A flash of pain crossed the prince’s face, but then his hand went to his chest, and his expression turned as charming as any moment on the dance floor. “Well, I had to at least try. You did say I could ask you anything.”
“True.” Cin nodded, then cringed, when somehow even that hurt his sides. “If you’re satisfied though, I must leave. One of my pigeons was hit during the chase. I need to find her.”
If not her, then her cold, broken body, but Cin couldn’t bring himself to admit that possibility out loud. He didn’t have room in his chest for those emotions yet, should they be necessary.
For now, he had to believe she was all right out there somewhere.
“Of course,” Prince Lorenz said. Before Cin could stand, the prince’s arms shifted around his, one of them slipping under Cin’s knees and the other at his back.
He swept Cin up and carried him toward the door.
Cin’s position put extra strain on his chest binding, and the sharp pain beneath it, but the thought of trading the prince’s embrace for the ability to breathe or to think seemed silly after a week of believing he’d never get to touch Prince Lorenz one last time, kiss him goodbye like their separate futures didn’t matter.
As they passed a few other open cells, the sounds of the underground river fading behind them, Cin realized his angelic chorus of moans had always been the echoes of the water.
Every other chamber in the decaying dungeon was empty.
Perhaps it was not the only place in the palace where prisoners could be kept, but at least it seemed the crown did not regularly deem anyone worthy of this terrible treatment.

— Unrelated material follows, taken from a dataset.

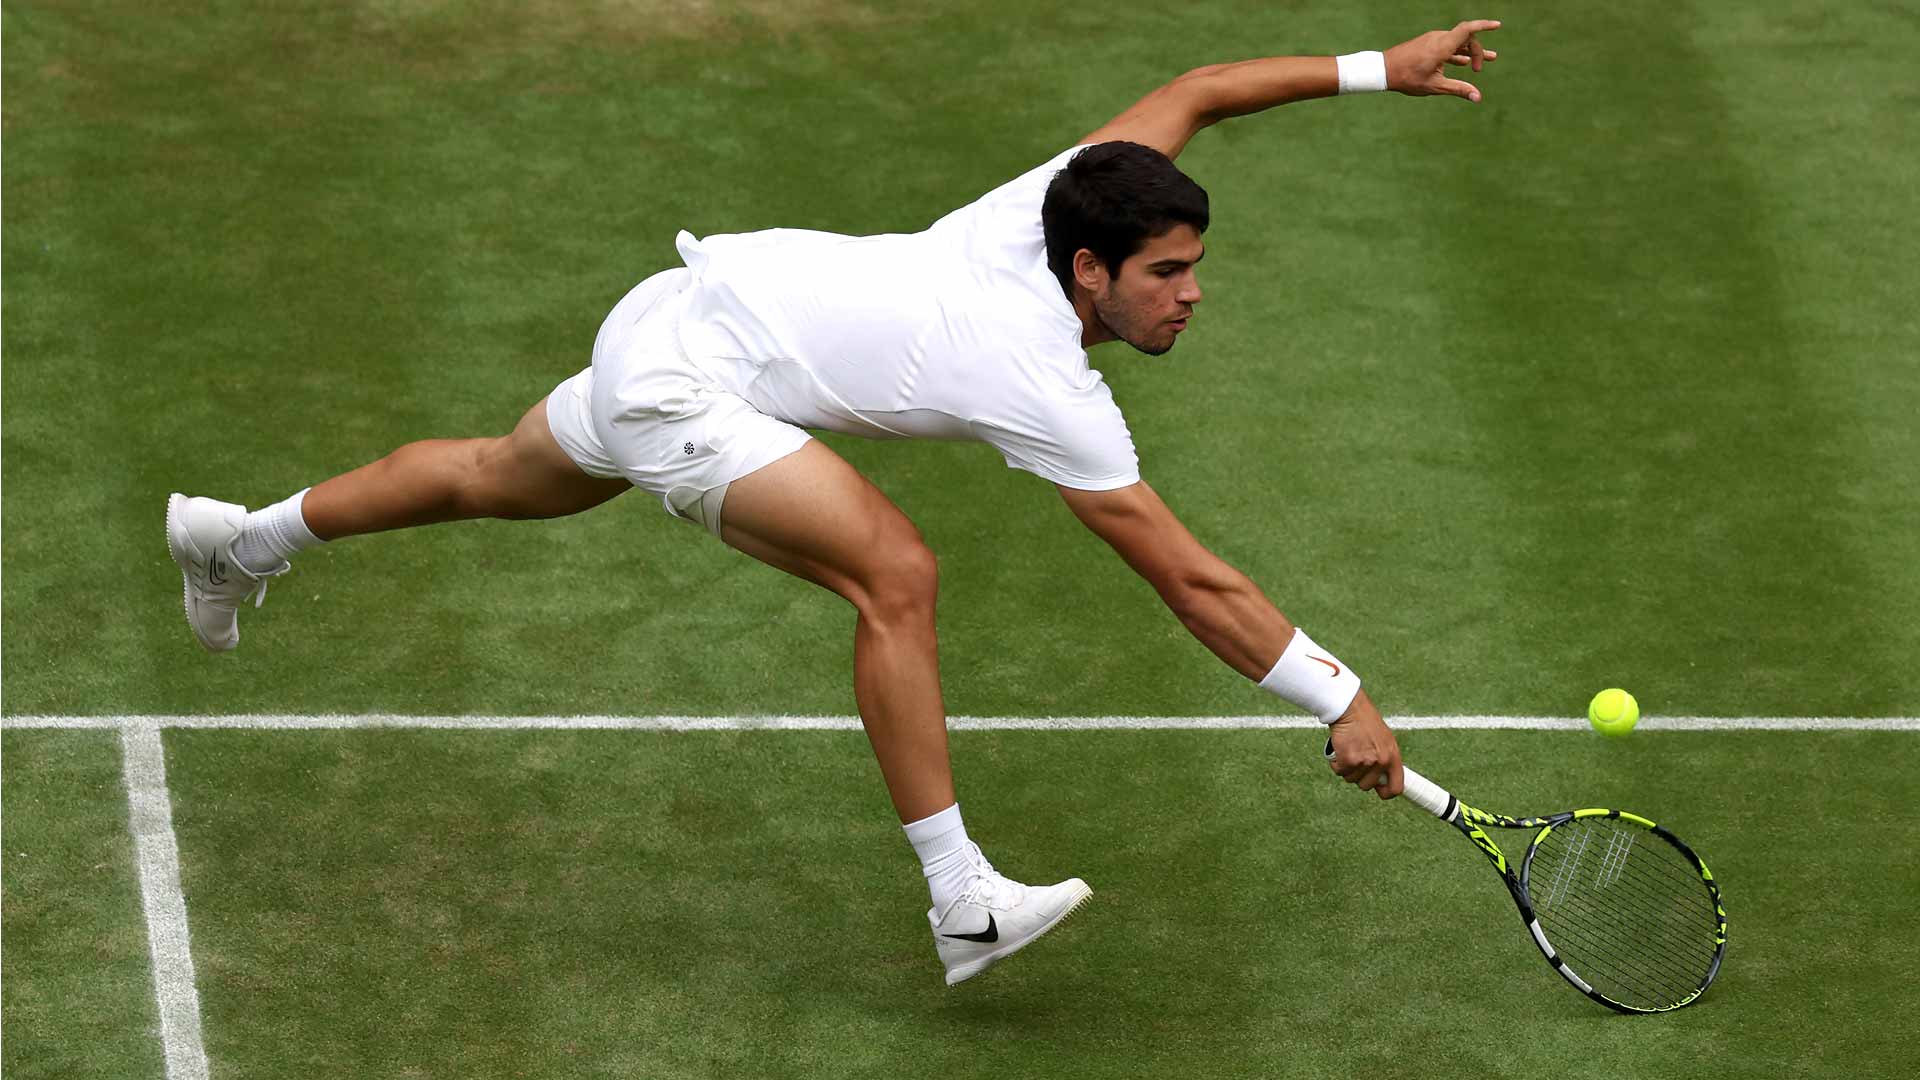 Carlos Alcaraz reaches his first Wimbledon quarter-final with a four-set win against Matteo Berrettini.

Cin wasn’t sure whether to be insulted or honored by that.
Was its emptiness the reason so many bastards roamed the streets? This form of justice seemed no more desirable than a blade, though.
Prince Lorenz finally set Cin down at the top of the dungeon’s stairwell, where the musky, dark tunnels turned to the clean and well-lit hallways of what appeared to be the castle’s guard wing, though of the few guards who passed by them, none stopped to intrude on the situation.
Word must have already spread that Cin’s name had been cleared, even if the reason behind it would remain a secret.
As Cin tried to step away though, Prince Lorenz took his hand. “You won’t be questioned if I’m here.”
Cin couldn’t argue with that, nor with the warmth of the prince’s hand, nor the way his presence made Cin stronger as he forced himself to journey back around the castle toward the darker side of the estate.
As they walked, birds gathered along the eaves of the buildings, dozens upon dozens of them flooding down from the dovecote above. Guiding his way.
He followed them.
Cin’s binding seemed to be growing tighter with each step, but he didn’t bother to take the time to stop and loosen it. There would be no soldiers chasing him now, at least. No rooftops to fall from. Once he found Perdition, it wouldn’t matter if the pain brought him to his knees.
He gritted his teeth at the memory of his capture, and for what felt like the hundredth time, he wished he had been born slimmer in the chest, with a form that didn’t require any pressure placed upon its tender sides for him to feel at peace with his own body.
Since they’d arrived, the mere sight of his own breasts left him wanting to slip backwards out of his skin with such aggression that the pain had always seemed worth the price… but now…
And if the shortcomings of his body had somehow led to Perdition’s death...
Cin didn’t want to even consider that. But the closer he came to where he’d been caught, the more the gathered birds seemed like a funeral procession, their heads bowed and their silence unnerving for such a large flock. He held the prince’s hand all the tighter.
Together, they walked through the darkness.